• [EXERCISE PROMPT]: Pictures should be left out when the listing below is repeated word for word.

• [DATASET EXCERPT]:
+===+

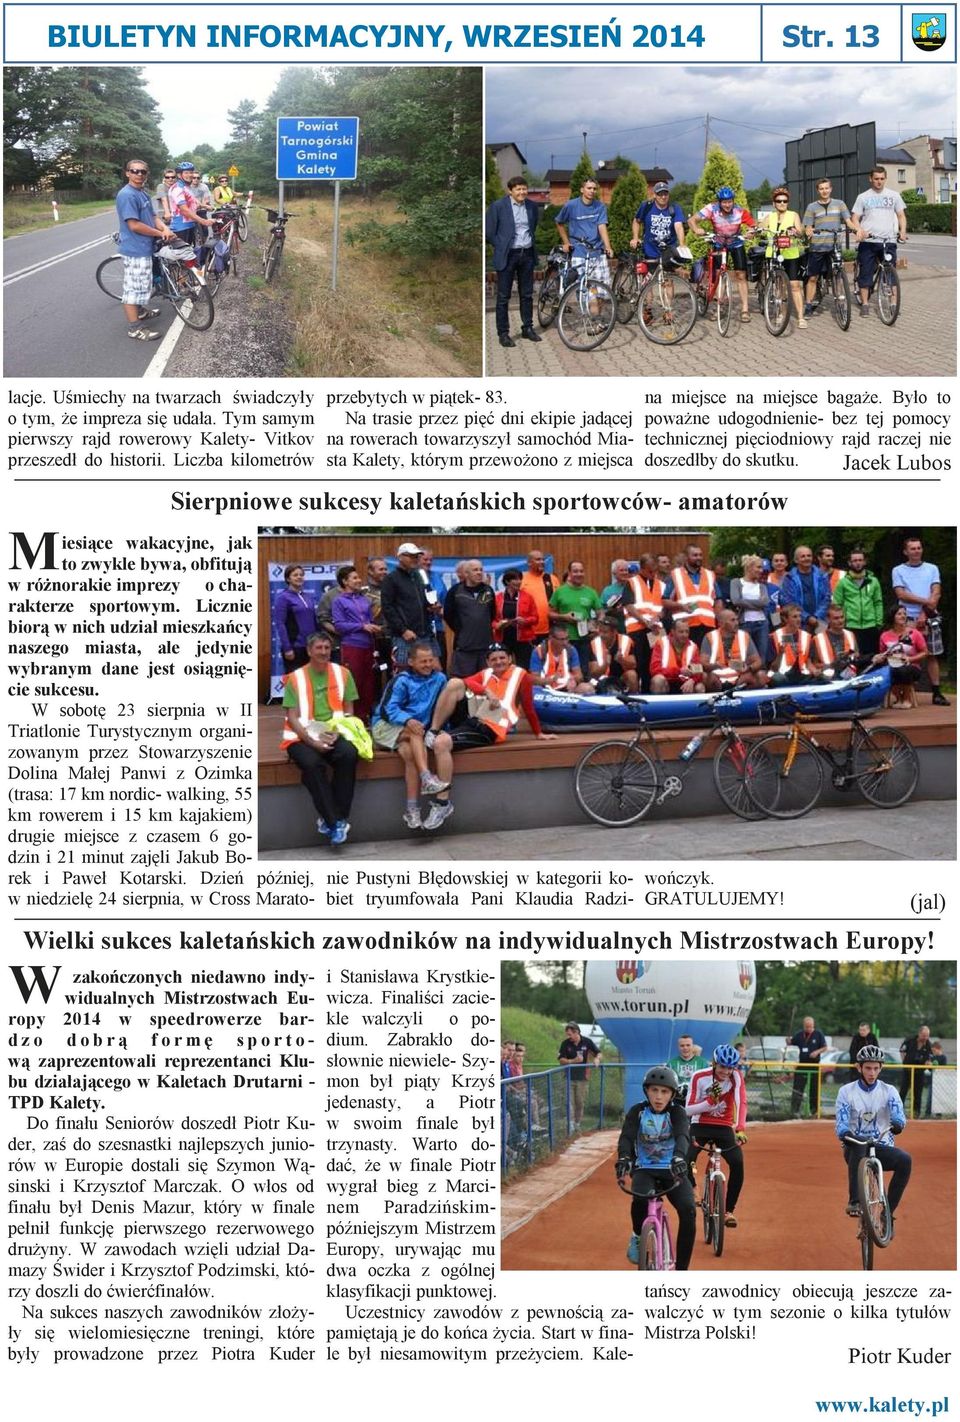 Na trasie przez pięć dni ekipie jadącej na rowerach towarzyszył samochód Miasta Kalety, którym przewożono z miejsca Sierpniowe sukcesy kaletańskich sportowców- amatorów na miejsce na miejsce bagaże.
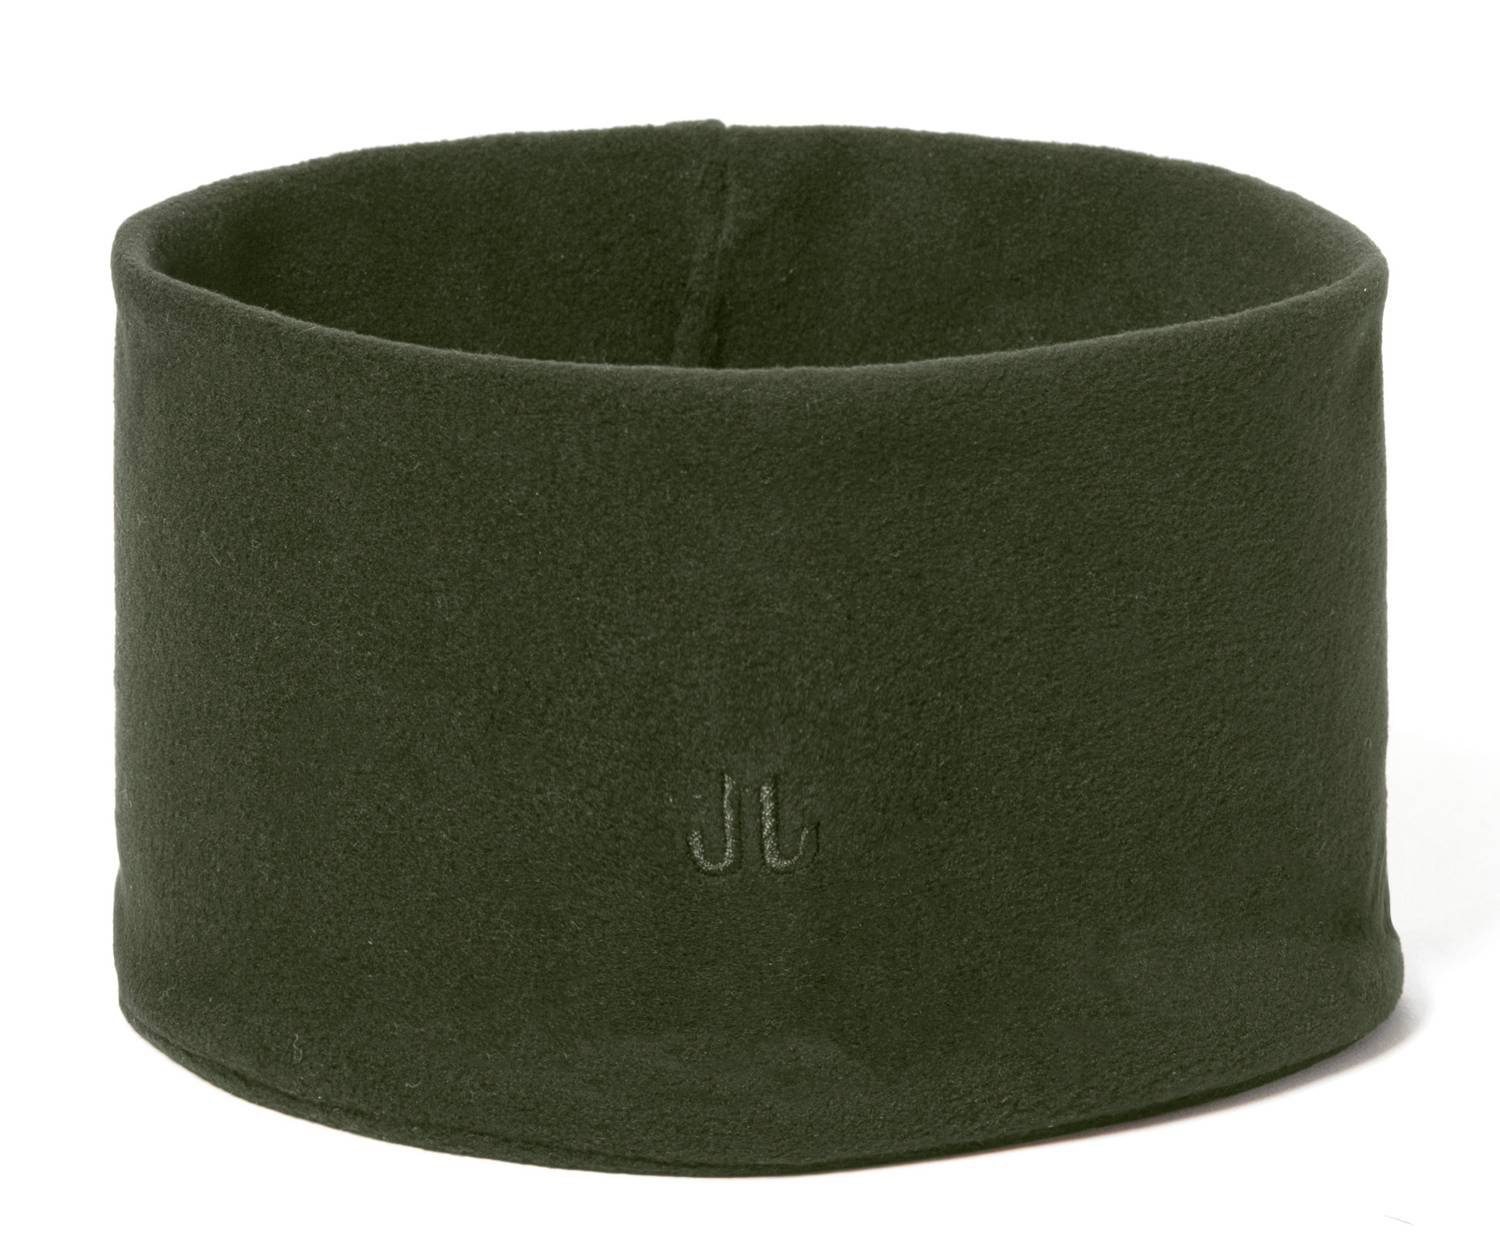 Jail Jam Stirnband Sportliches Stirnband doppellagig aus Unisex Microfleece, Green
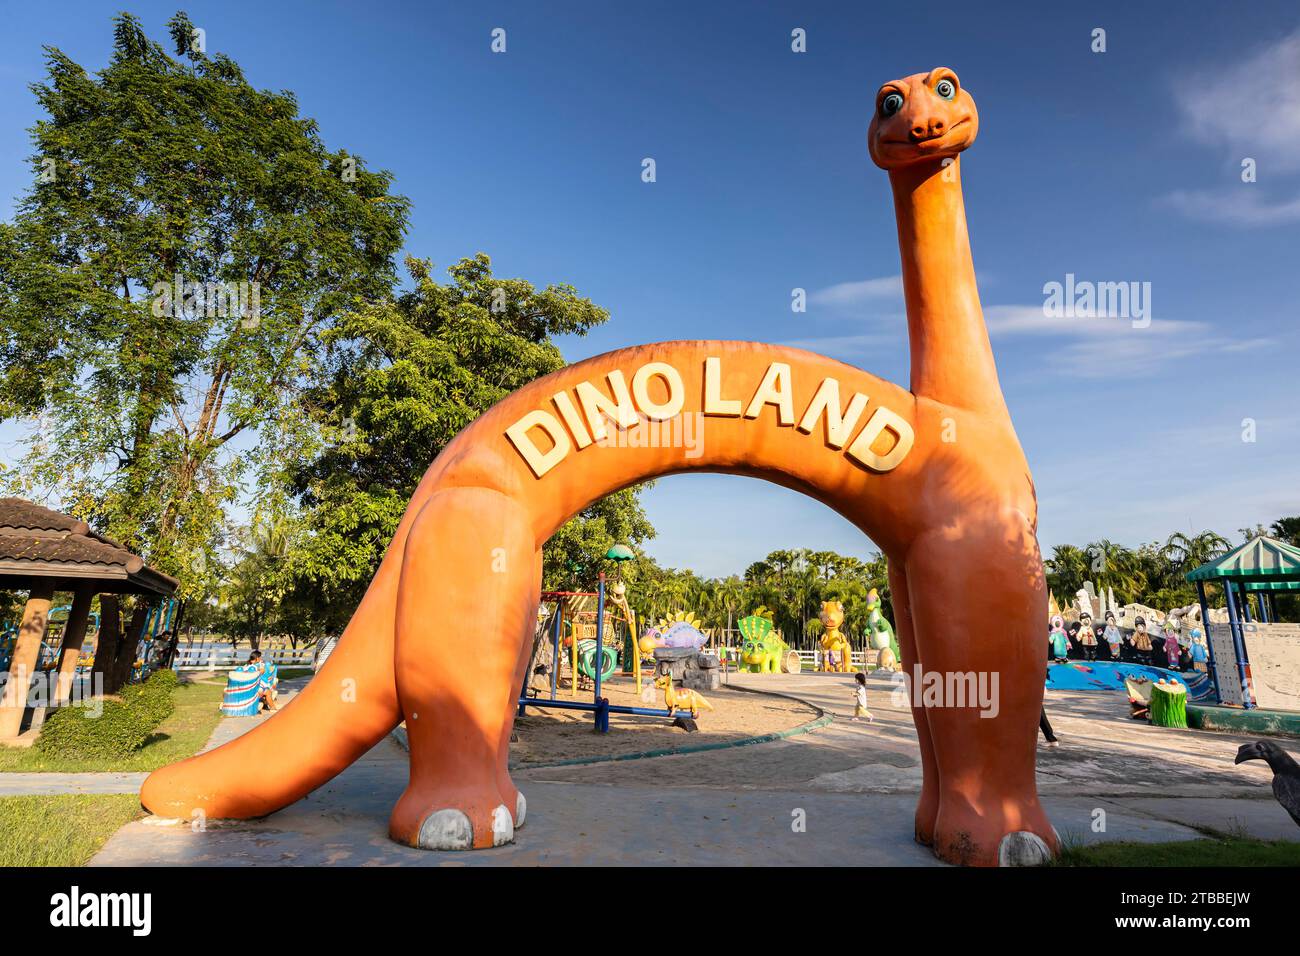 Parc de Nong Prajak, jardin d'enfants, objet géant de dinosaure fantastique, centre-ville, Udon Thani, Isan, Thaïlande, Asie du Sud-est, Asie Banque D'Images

+===+

• [SOLUTION]:
 Na trasie przez pięć dni ekipie jadącej na rowerach towarzyszył samochód Miasta Kalety, którym przewożono z miejsca Sierpniowe sukcesy kaletańskich sportowców- amatorów na miejsce na miejsce bagaże.
 Jail Jam Stirnband Sportliches Stirnband doppellagig aus Unisex Microfleece, Green
 Parc de Nong Prajak, jardin d'enfants, objet géant de dinosaure fantastique, centre-ville, Udon Thani, Isan, Thaïlande, Asie du Sud-est, Asie Banque D'Images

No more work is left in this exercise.